» Work to be completed: The listing below holds a line with "Best IELTS Coaching in Meerut" and a later line with "[Apple Watch]新型 Apple". Write out those two lines and every line between them, exactly, and nothing else.

» Provided records:
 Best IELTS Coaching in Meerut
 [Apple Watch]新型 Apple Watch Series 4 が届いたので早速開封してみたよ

==

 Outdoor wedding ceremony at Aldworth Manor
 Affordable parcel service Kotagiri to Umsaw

--

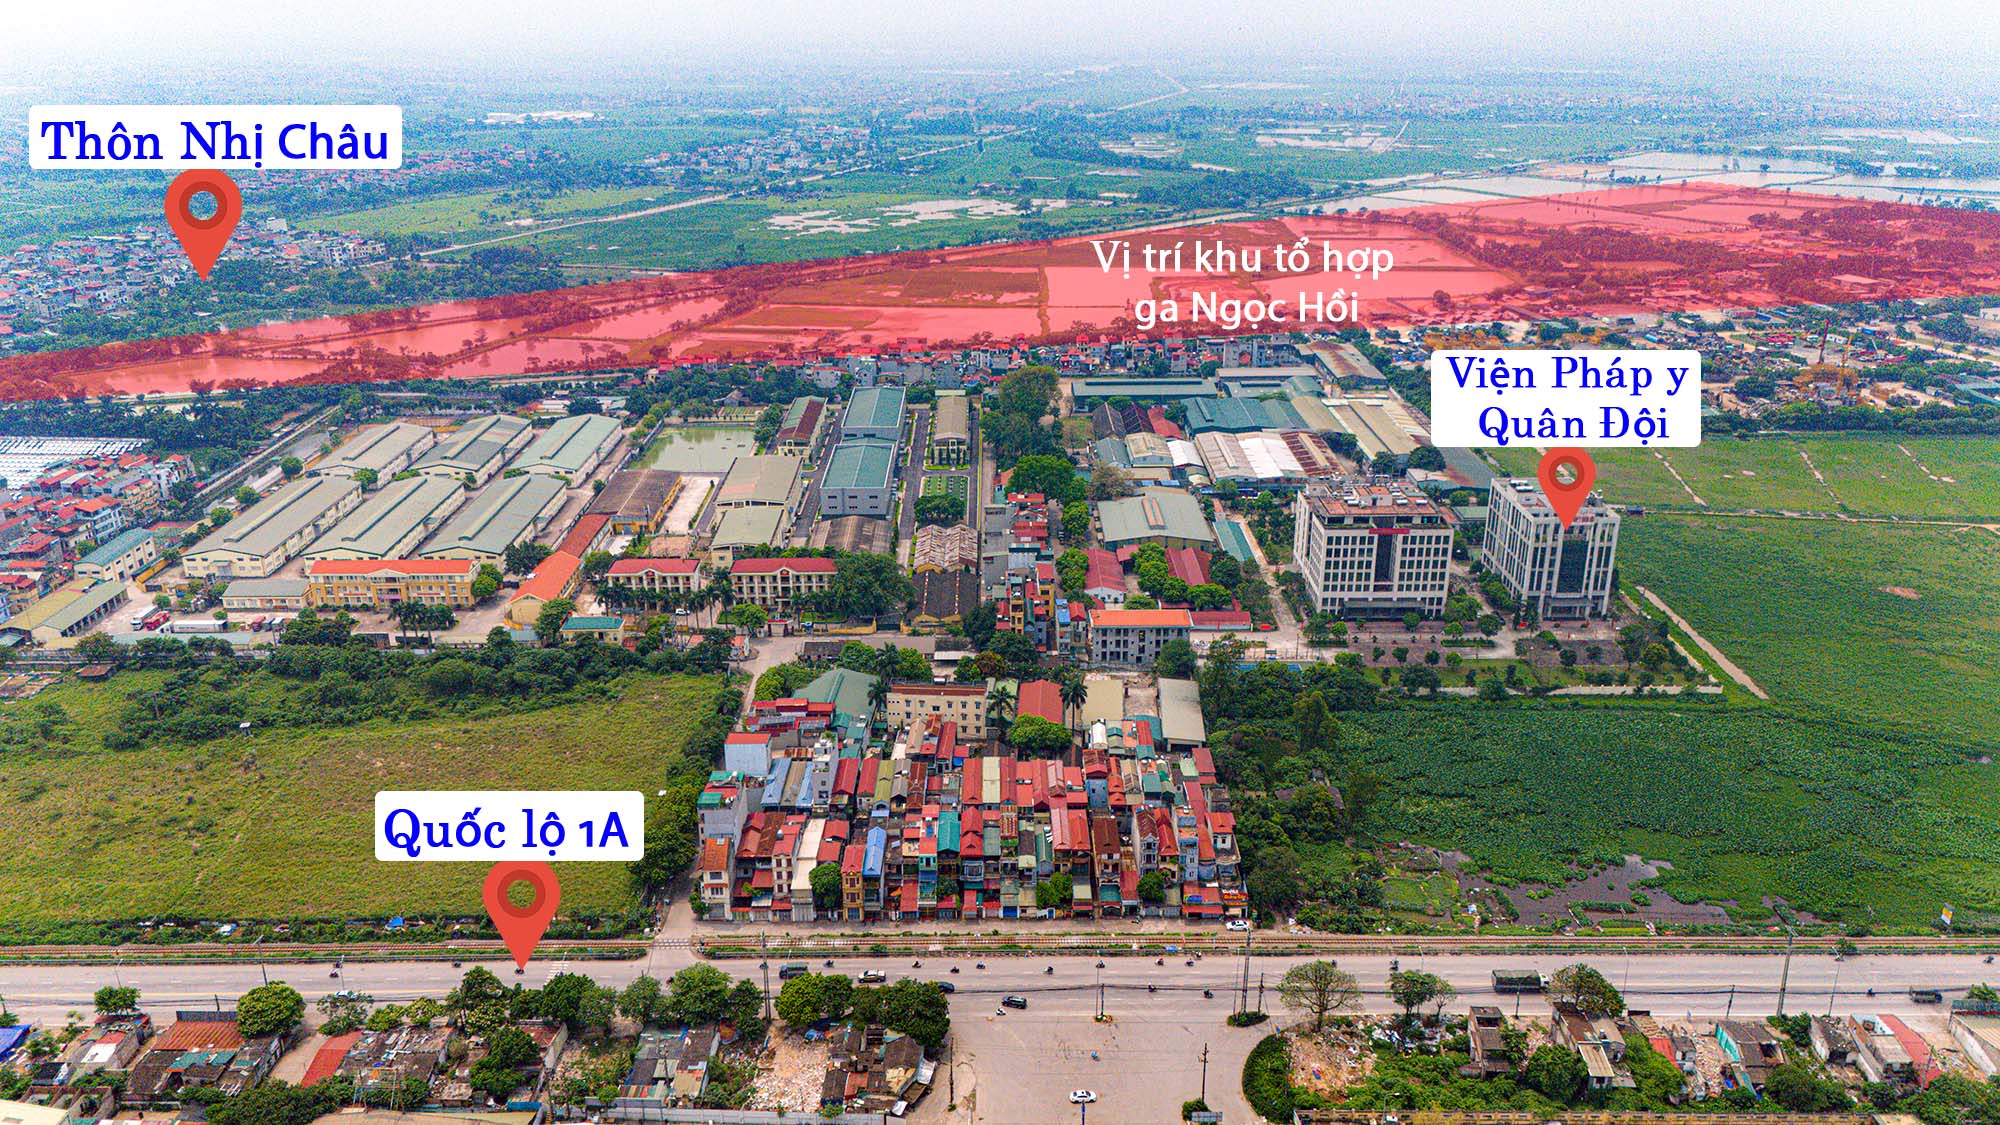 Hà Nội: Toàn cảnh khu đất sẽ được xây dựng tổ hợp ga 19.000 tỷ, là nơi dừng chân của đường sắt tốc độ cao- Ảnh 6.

» Exercise answer:
 Best IELTS Coaching in Meerut
 [Apple Watch]新型 Apple Watch Series 4 が届いたので早速開封してみたよ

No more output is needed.